En cette toute fin de quinquennat pourtant, les choses commencent à bouger. Car depuis le vote de la loi, le chantier avait quelque peu pris les allures d’une course de lenteur, entre résistances et complexités administratives. En 2014, sitôt la loi votée, les ministères demandaient un avis au Conseil d’État sur la manière d’appliquer ce texte législatif peu contraignant et qui plus est, pas d’application directe. Sur le plan juridique, il impose en effet de modifier les textes d’organisation statutaire de chaque corps de la fonction publique et de procéder, s’il y a lieu, à des ouvertures de postes.

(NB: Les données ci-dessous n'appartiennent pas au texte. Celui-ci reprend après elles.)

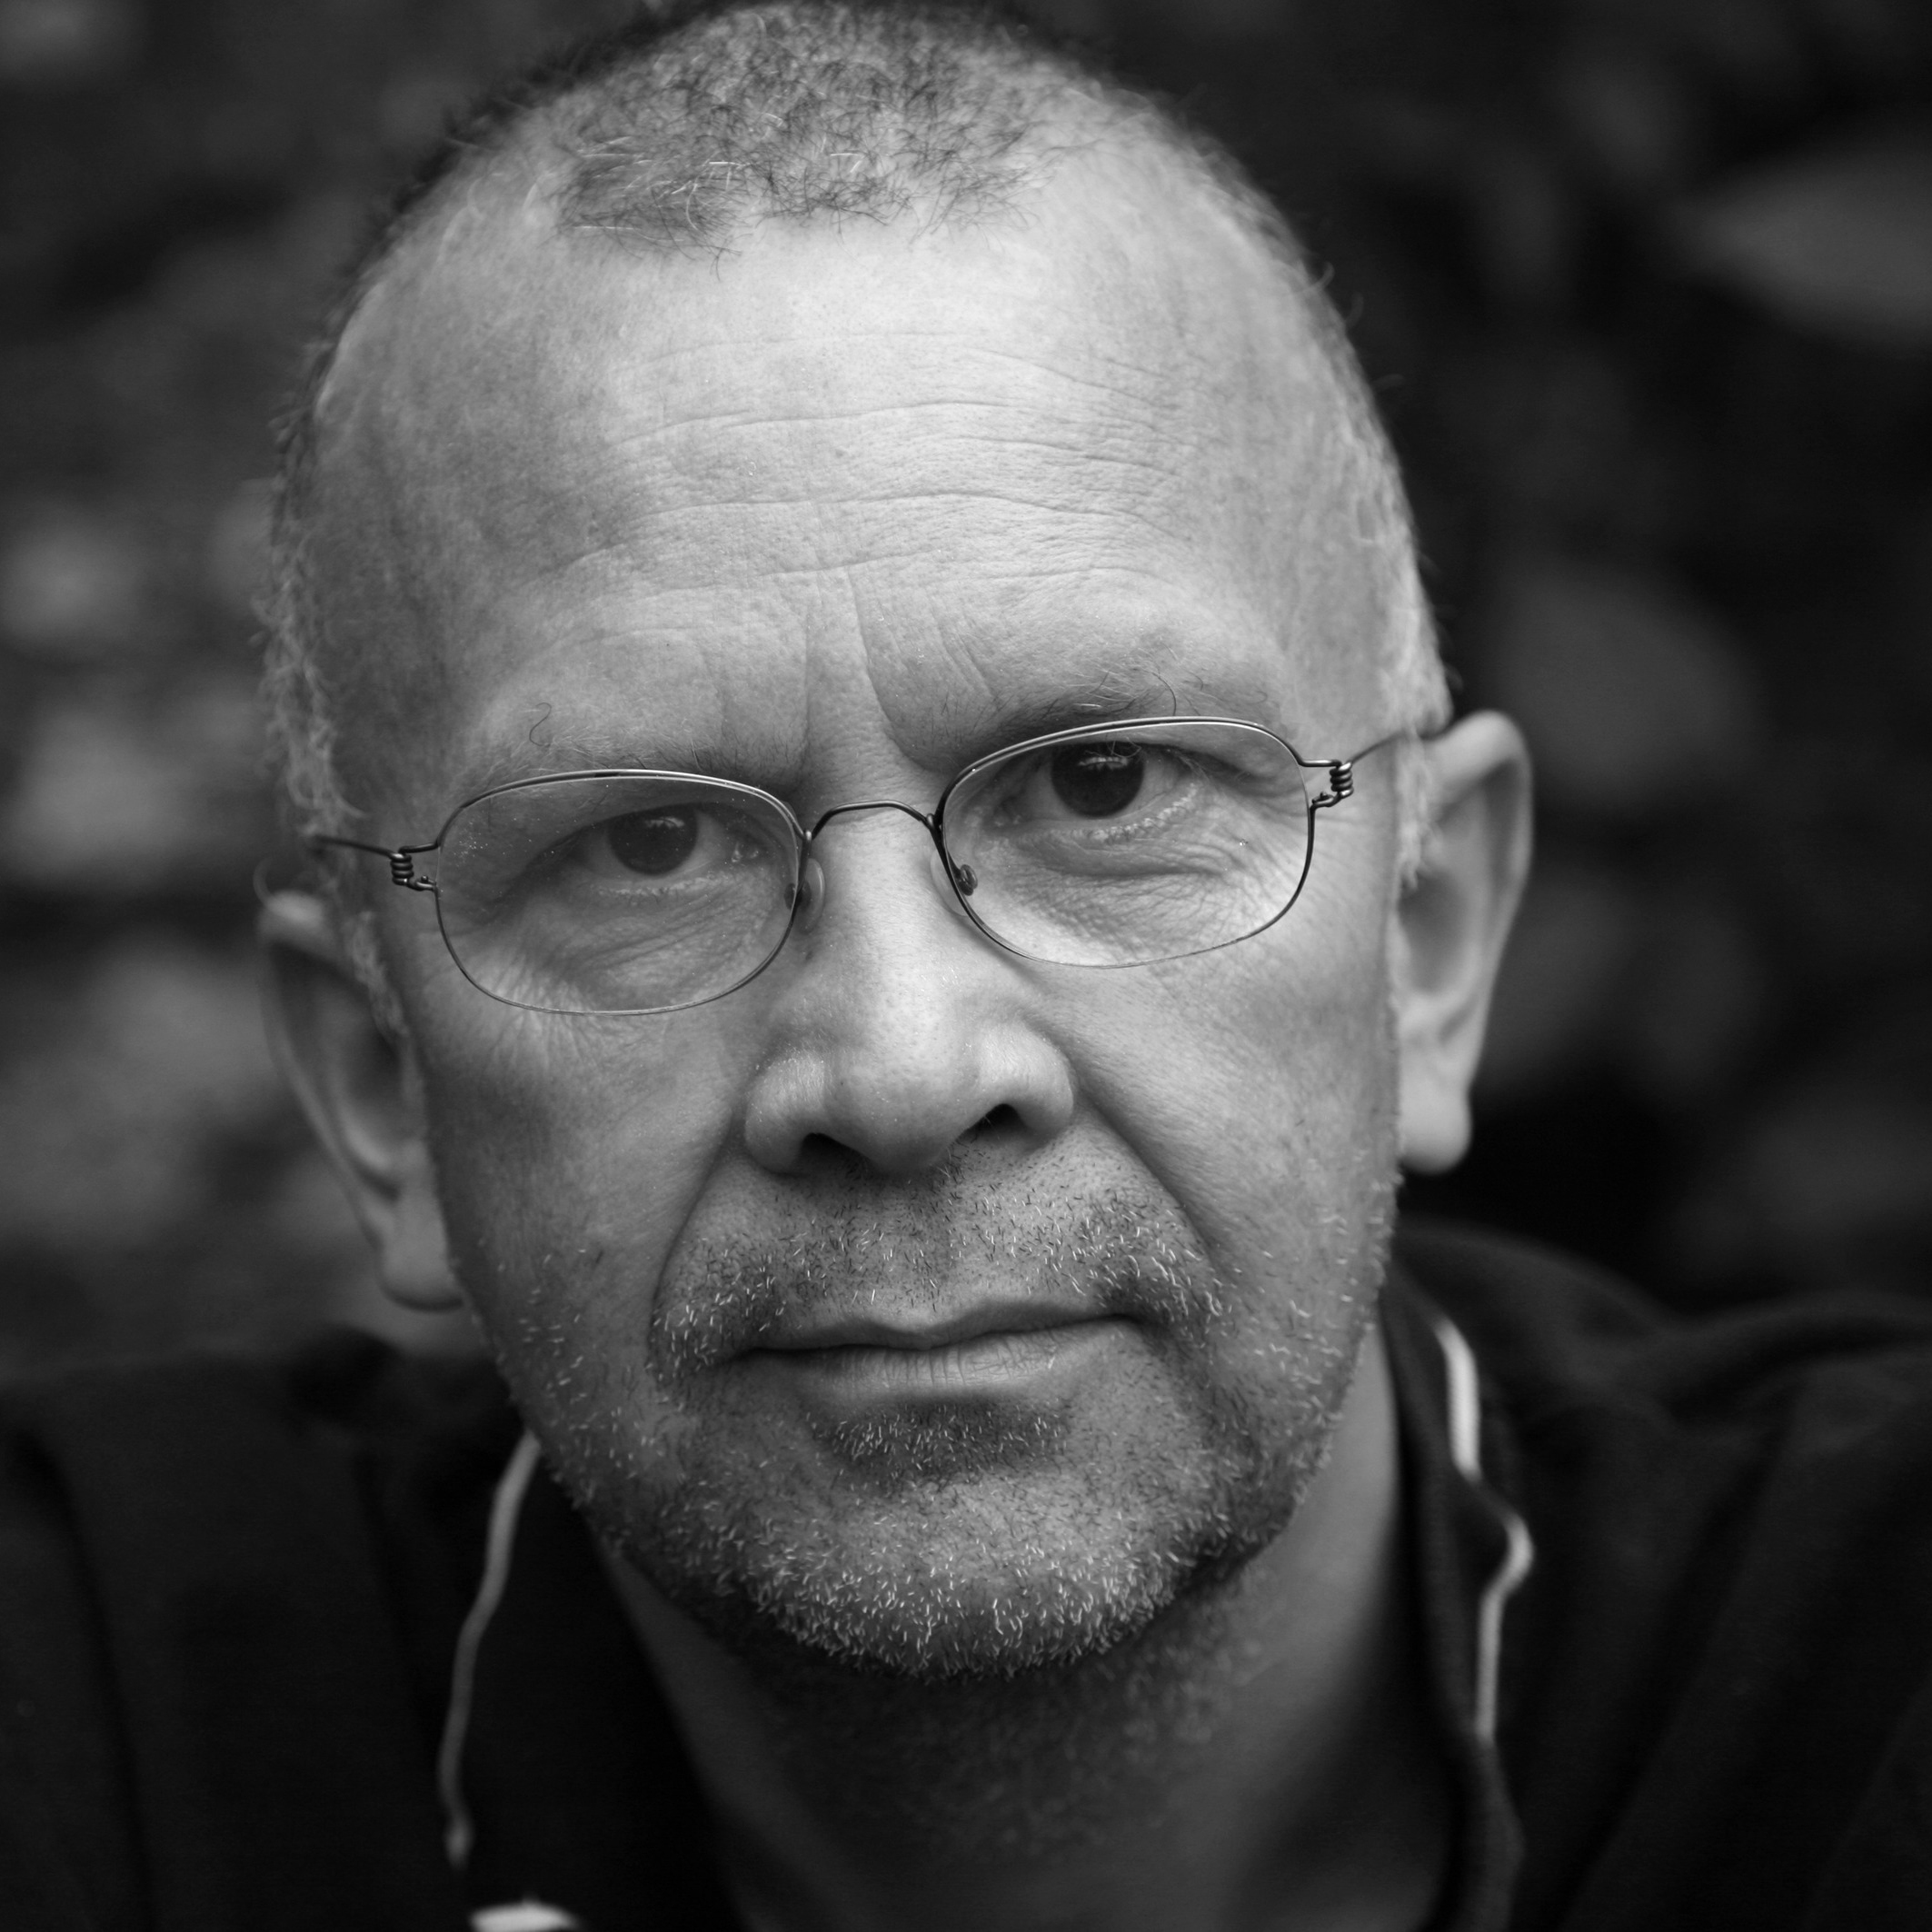 Profilbilde Rune Belsvik av fotograf Sol Nodeland

« La demande d’un avis au Conseil d’État a constitué un mauvais signal envoyé aux docteurs et démontrait une certaine frilosité », juge Juliette Guérin, présidente de l’Association nationale des docteurs (Andes). Un avis public que tout le monde n’a pas nécessairement lu de la même manière, mais qui paraît moins restrictif que ce que certains auraient pu espérer.

 Concours externe de l’ENA adapté

« L’avis disait qu’il existe tout un dégradé de possibilités d’application : l’organisation pour chaque corps d’un concours particulier, l’adaptation d’un concours existant avec éventuellement la création d’une voie spécifique au sein de ce concours, ou un recrutement de gré à gré, analyse-t-on dans l’entourage du secrétaire d’État à l’Enseignement supérieur, Thierry Mandon, successeur de Geneviève Fioraso. S’agissant du concours symbolique de l’ENA, on a finalement reconnu les trois années du doctorat comme une expérience professionnelle, ce qui permet de les prendre en compte pour l’accès au concours interne ou au troisième concours. Mais avec les mêmes épreuves. C’est une reconnaissance a minima de ce qu’on pouvait faire. On aurait pu penser à une quatrième voie. »

Le ministère de la Fonction publique est allé dernièrement un peu plus loin en adaptant le concours externe de l’ENA. Une partie de l’entretien d’admission sera consacrée à la reconnaissance des acquis de l’expérience professionnelle résultant de la formation à la recherche pour les docteurs. Pas de quoi renverser la table.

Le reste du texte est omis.